▶ **INFORMATION SUPPLIED**

_ _ _ _ _

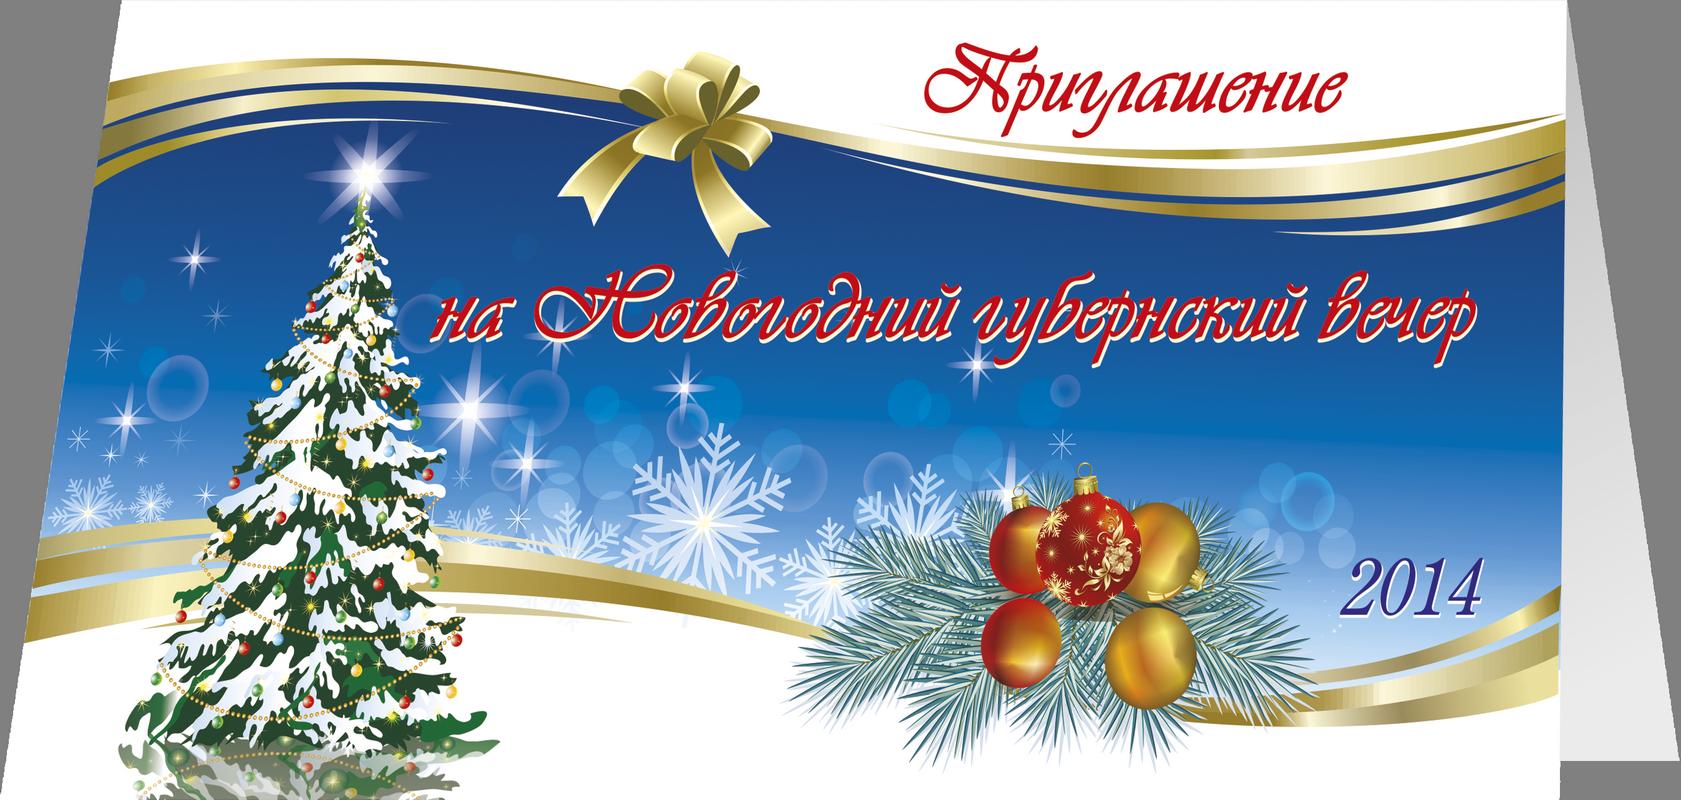 приглашение на Новогодний Губернаторский вечер
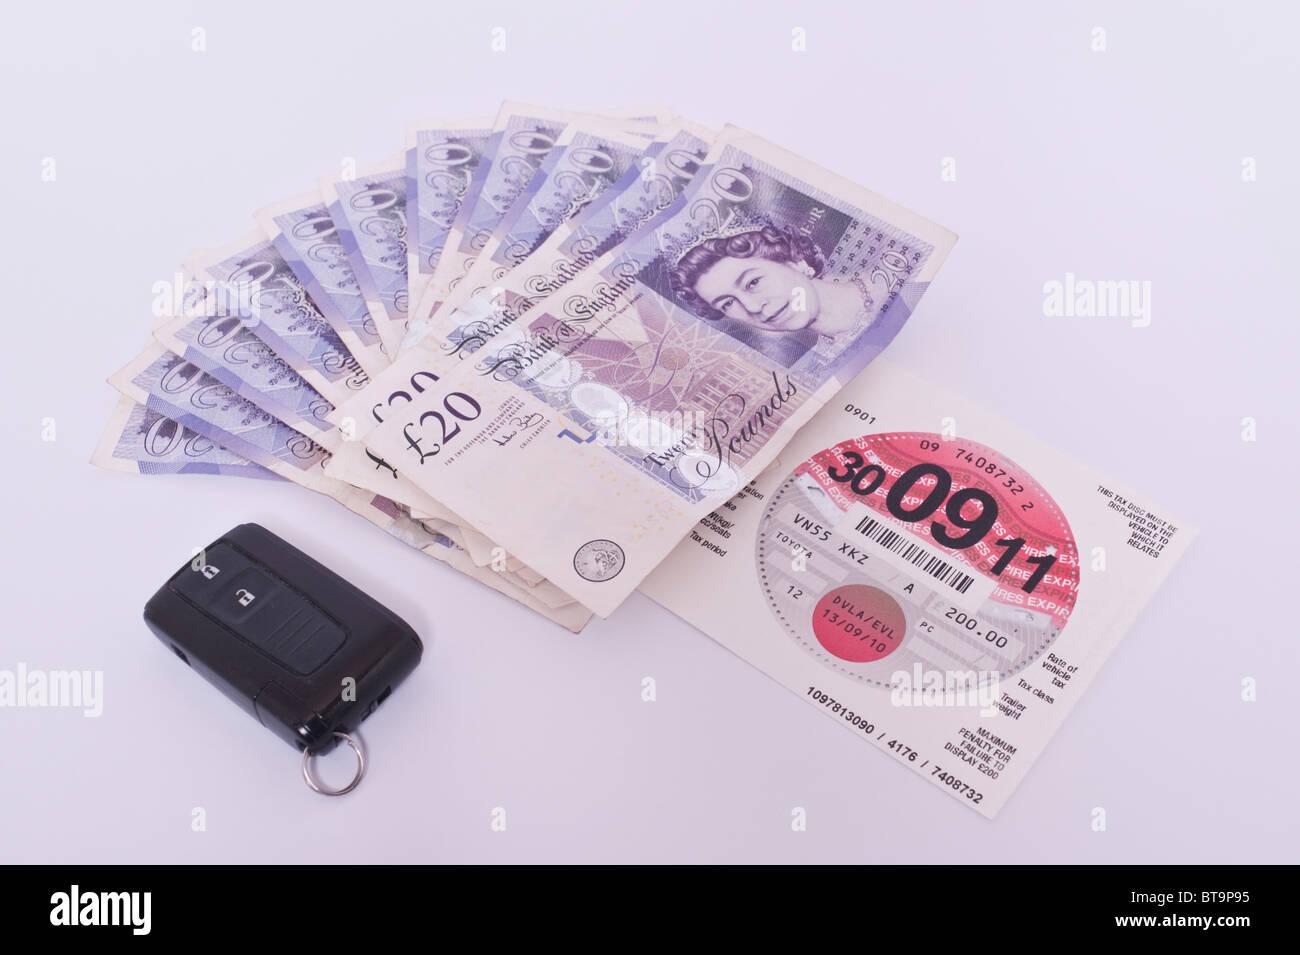 Un coche disco de impuestos de licencia del vehículo con €200 en efectivo y las llaves del coche sobre un fondo Imagen De Stock
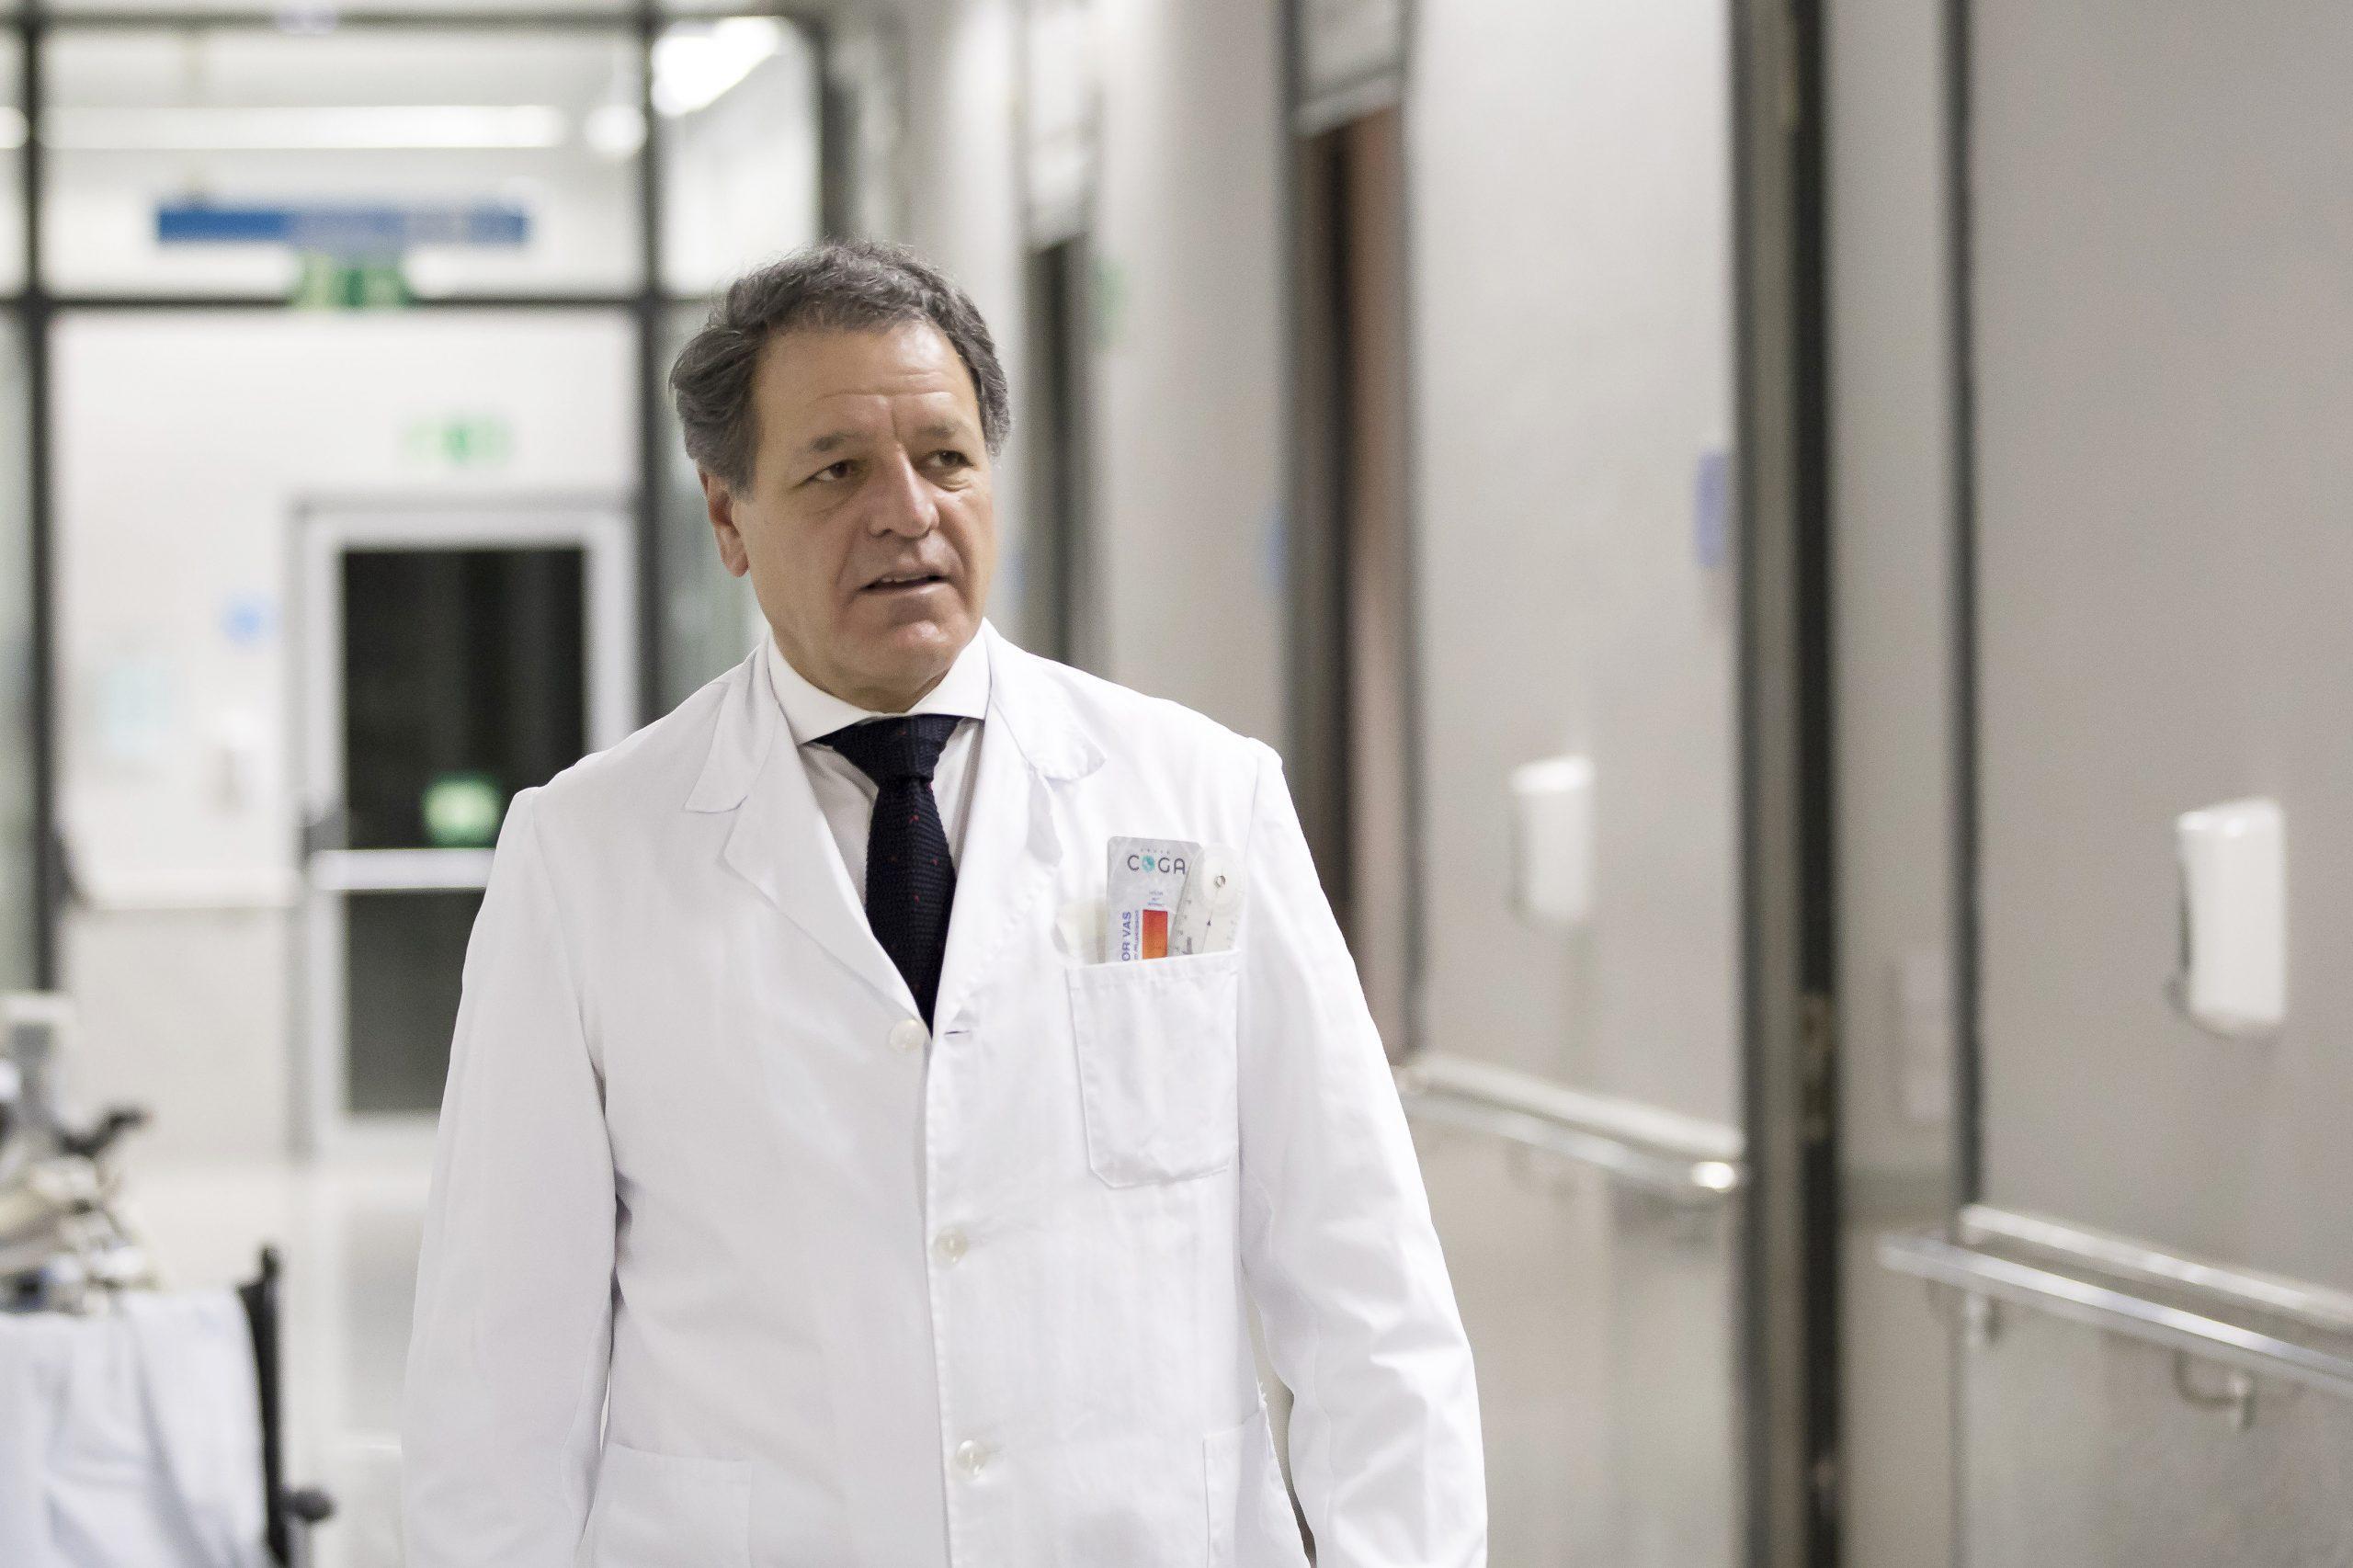 Dr. Llpis Un doctor madrileño, referente en la introducción de la robótica en la cirugía protésica de cadera y rodilla

_ _ _ _ _

Retype exactly, please, the span from the line holding "Un coche disco" through the closing line of the data, both ends included, without the pictures.

 Un coche disco de impuestos de licencia del vehículo con €200 en efectivo y las llaves del coche sobre un fondo Imagen De Stock
 Dr. Llpis Un doctor madrileño, referente en la introducción de la robótica en la cirugía protésica de cadera y rodilla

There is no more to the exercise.